1. What are the two essential parts of every recursive function?
☐ A) A loop and a counter
☐ B) A base case and a recursive case
☐ C) An input and an output
☐ D) A variable and a constant
2. factorial(4) is called. How many stack frames exist at peak depth?
☐ A) 1
☐ B) 3
☐ C) 4
☐ D) 8
3. A countdown function has no base case. What happens when you call countdown(3)?
☐ A) It counts to 0 and stops
☐ B) It counts forever until Python raises a RecursionError after ~1000 calls
☐ C) It prints 3 once and stops
☐ D) It does nothing
4. You need to find all .txt files in a folder with subfolders of unknown depth. Why is recursion better suited than a simple for loop?

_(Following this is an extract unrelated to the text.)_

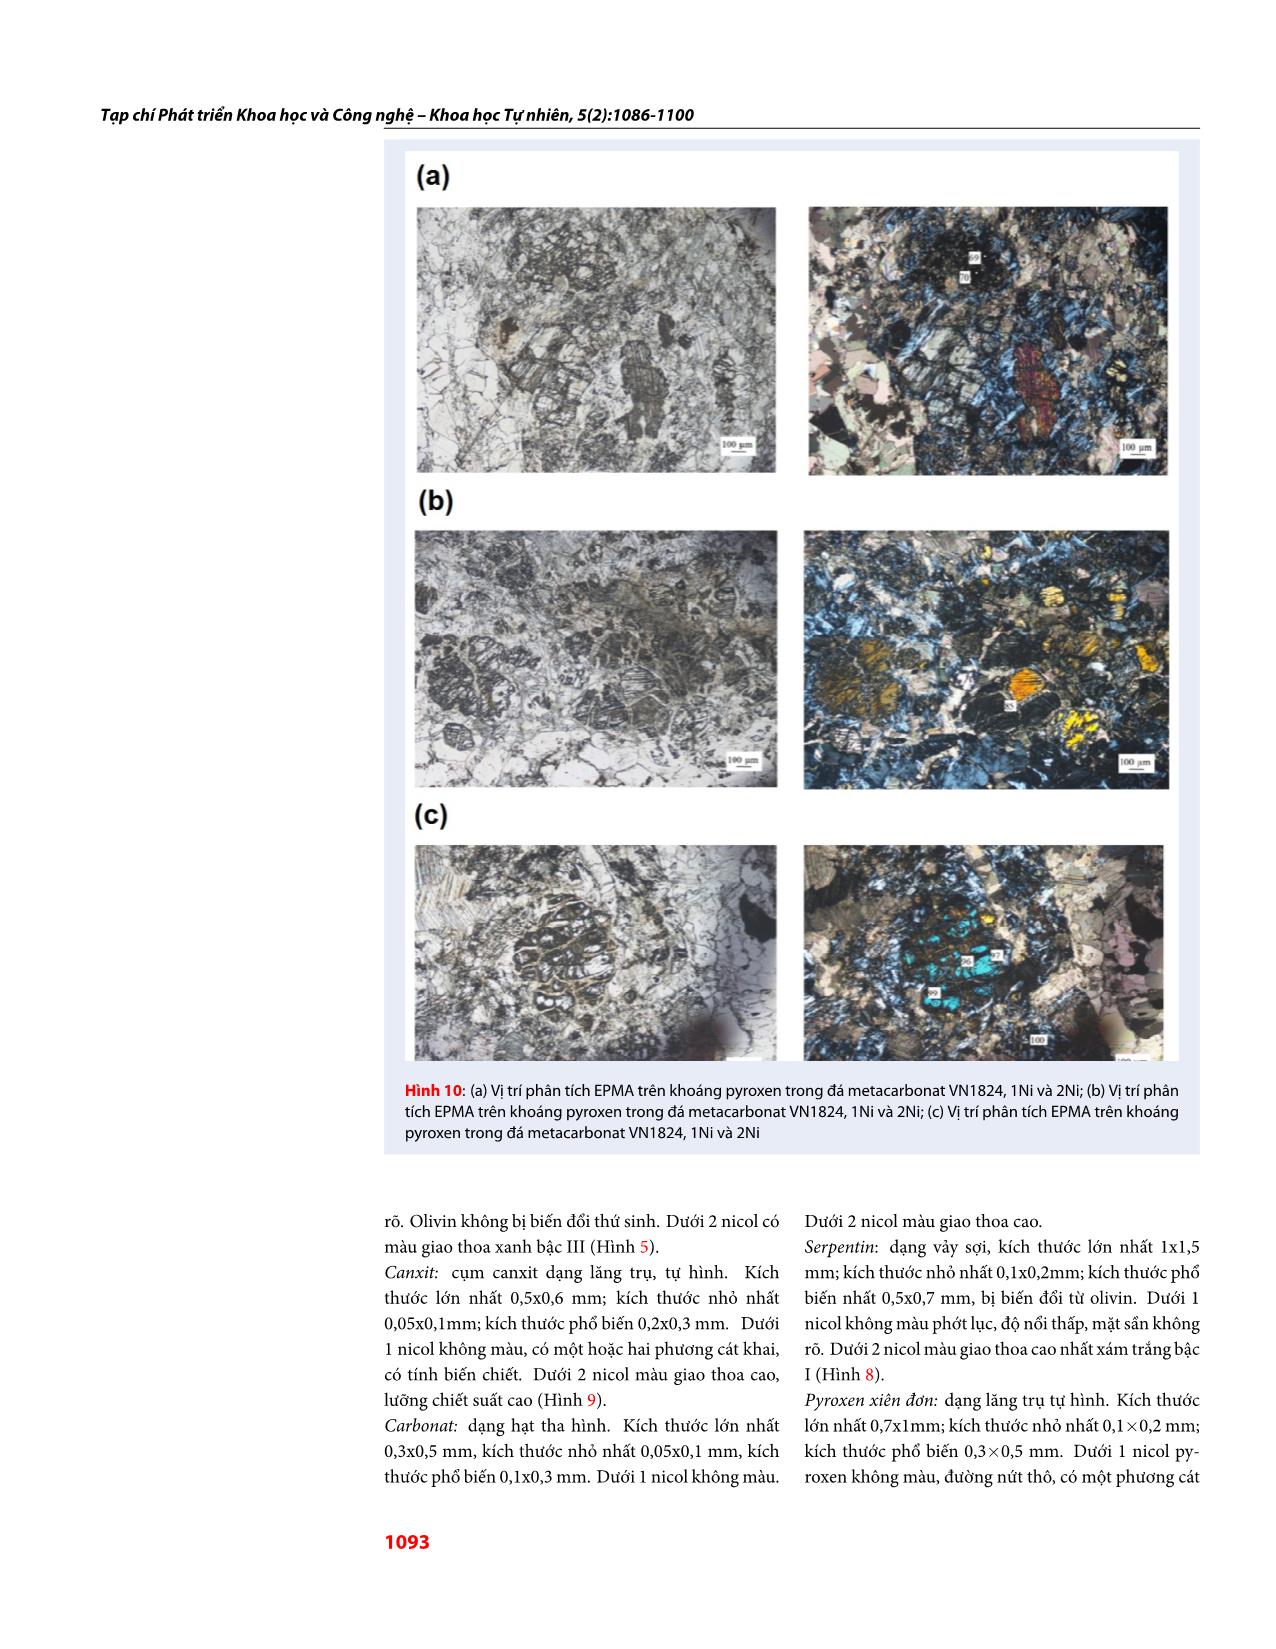 Đặc điểm thành phần khoáng vật trong đá metacarbonat khu vực Sa Thầy, Kon Tum và khả năng ứng dụng của metacarbonat trong đá mỹ nghệ trang 8
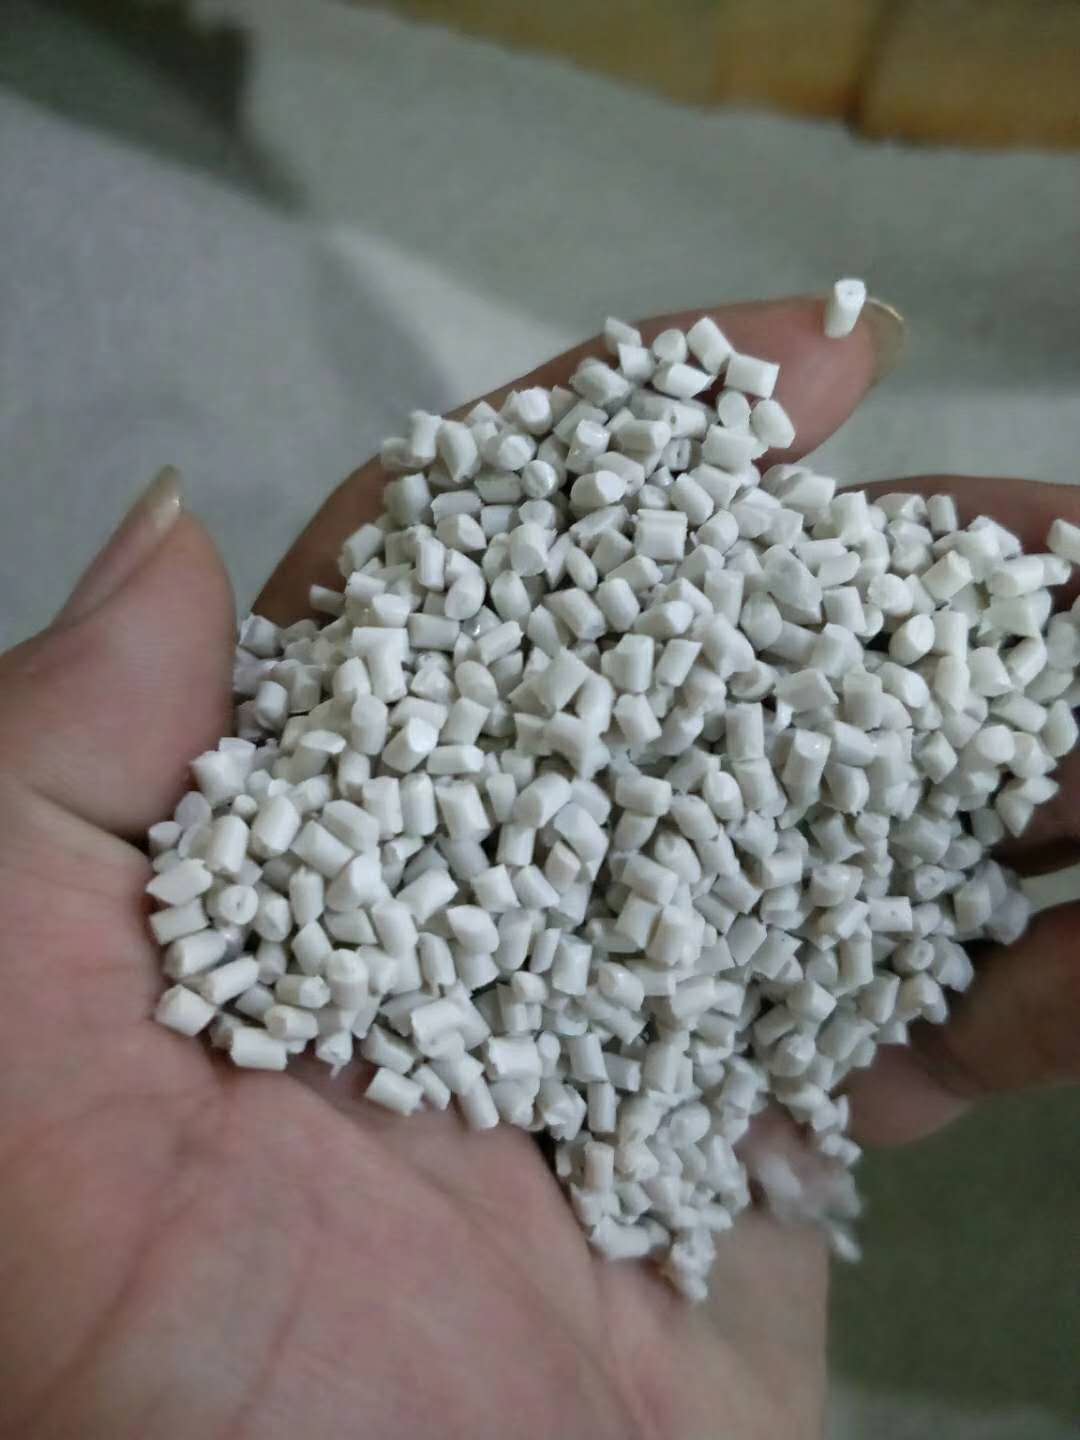 厦门进口中国台湾塑料颗粒遇到突发状况所需的措施

☐ A) Recursion is always faster than loops
☐ B) A simple loop can only see one level, but recursion can descend into subfolders of unknown depth
☐ C) Loops cannot read files
☐ D) Recursion uses less memory
Answer Key: 1) B · 2) C · 3) B · 4) B
Checkpoint: Test Your Knowledge
Explain what happens in memory when factorial(4) is called. How many stack frames exist at peak depth?
Why does countdown(3) without a base case crash? What exactly happens after ~1000 calls?
Find all .txt files in a folder with subfolders — describe the recursive approach in your own words.